Logré dejar el vehículo y el perro con el conserje de Miranda sin más incidentes, pero las manos todavía me temblaban cuando subí al Town Car que me había estado siguiendo por toda la ciudad.

– Al edificio Elias-Clark -dije con un suspiro mientras el conductor doblaba la esquina y ponía rumbo al sur por Park Avenue. Puesto que hacía esa ruta cada día -algunos dos veces-, sabía que disponía exactamente de seis minutos para respirar, tranquilizarme y tal vez incluso concebir la forma de ocultar las manchas de ceniza y sudor que habían pasado a ser un rasgo permanente de mis Gucci de ante. Los zapatos… en fin, los zapatos no tenían remedio, por lo menos mientras no los reparara la flota de zapateros Runway contratada para tales eventualidades. El trayecto duró, de hecho, cuatro minutos y medio, y luego no me quedó más remedio que cojear como una jirafa desequilibrada entre un zapato plano y un zapato con un tacón de diez centímetros. Una breve parada en el ropero me proporcionó unas Jimmy Choo hasta la rodilla de color castaño que quedaban de miedo con la falda de cuero que seleccioné antes de arrojar el pantalón de ante a la pila de «Limpieza de alta costura» (donde el precio de la limpieza en seco era como mínimo de setenta y cinco dólares por artículo). Ya solo me quedaba visitar el departamento de belleza, donde una de las redactoras echó un vistazo a mi maquillaje, que se me había corrido por el sudor, y sacó un maletín lleno de reparadores.

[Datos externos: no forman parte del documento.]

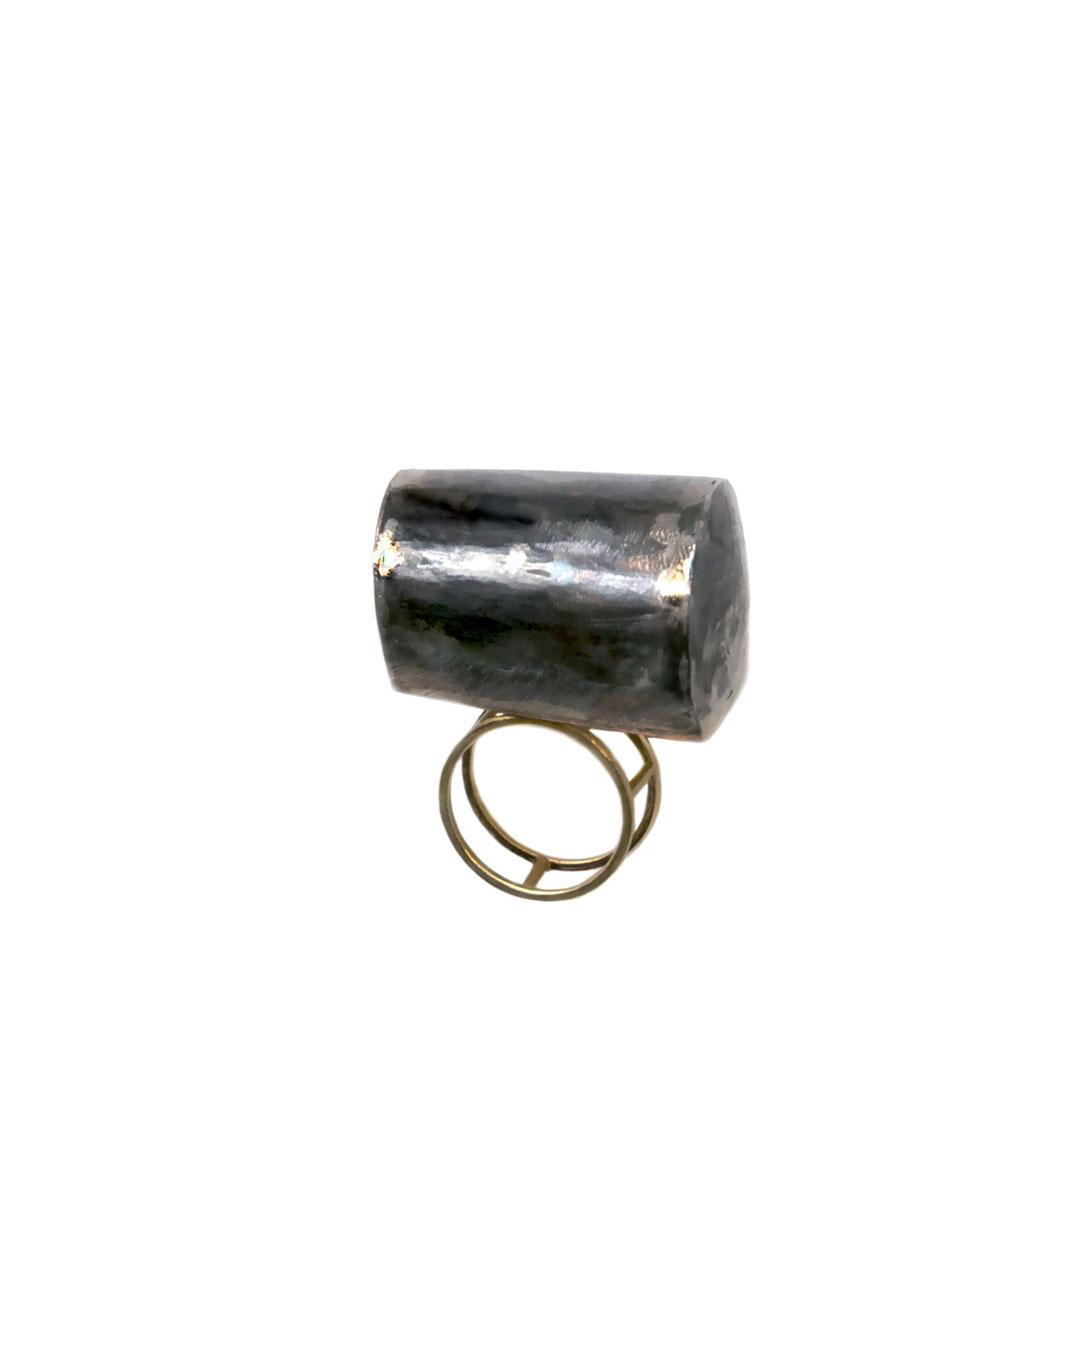 Stefano Marchetti, untitled, 2010, ring; steel, gold, 30 x 33 x 37 mm, €2500

No está mal, pensé mientras me miraba en uno de los omnipresentes espejos de cuerpo entero. Nadie habría dicho que unos minutos antes había estado a punto de acabar con mi vida y la de cuantos me rodeaban. Entré con paso firme en la oficina de las ayudantes situada fuera del despacho de Miranda y me senté en silencio, con la esperanza de disfrutar de unos minutos de tranquilidad antes de que regresara del almuerzo.

– An-dre-aaa -exclamó Miranda desde su despacho sobrio y deliberadamente frío-. ¿Dónde están el coche y la perrita?

Salté de la silla, corrí por la lujosa moqueta tan deprisa como me lo permitían los tacones de doce centímetros que calzaba y me detuve frente a su mesa.

– He dejado el coche con el encargado del aparcamiento y a Madelaine con el conserje, Miranda -contesté, orgullosa de haber hecho ambas cosas sin haberme cargado el vehículo, el perro o a una servidora.

– ¿Y por qué has hecho eso? -gruñó mientras levantaba la vista del número de Women's Wear Daily por primera vez desde que había entrado-. Te dije claramente que los trajeras al despacho, puesto que las niñas llegarán de un momento a otro para que podamos irnos.

– Pensé que habías dicho que los querías en.,.

– Basta. Los detalles de tu incompetencia no me interesan. Ve a buscar el coche y la perrita. Estaremos listos para marcharnos dentro de quince minutos. ¿Entendido?

¿Quince minutos? Esa mujer alucinaba. Necesitaba como mínimo un par de minutos para bajar a la calle y subir a un Town Car, otros cuatro para llegar a su edificio y unas tres horas para encontrar a la perrita en su apartamento de dieciocho habitaciones, sacar el inquieto descapotable del aparcamiento y recorrer las veinte manzanas que lo separaban de la oficina.

– Por supuesto, Miranda, quince minutos.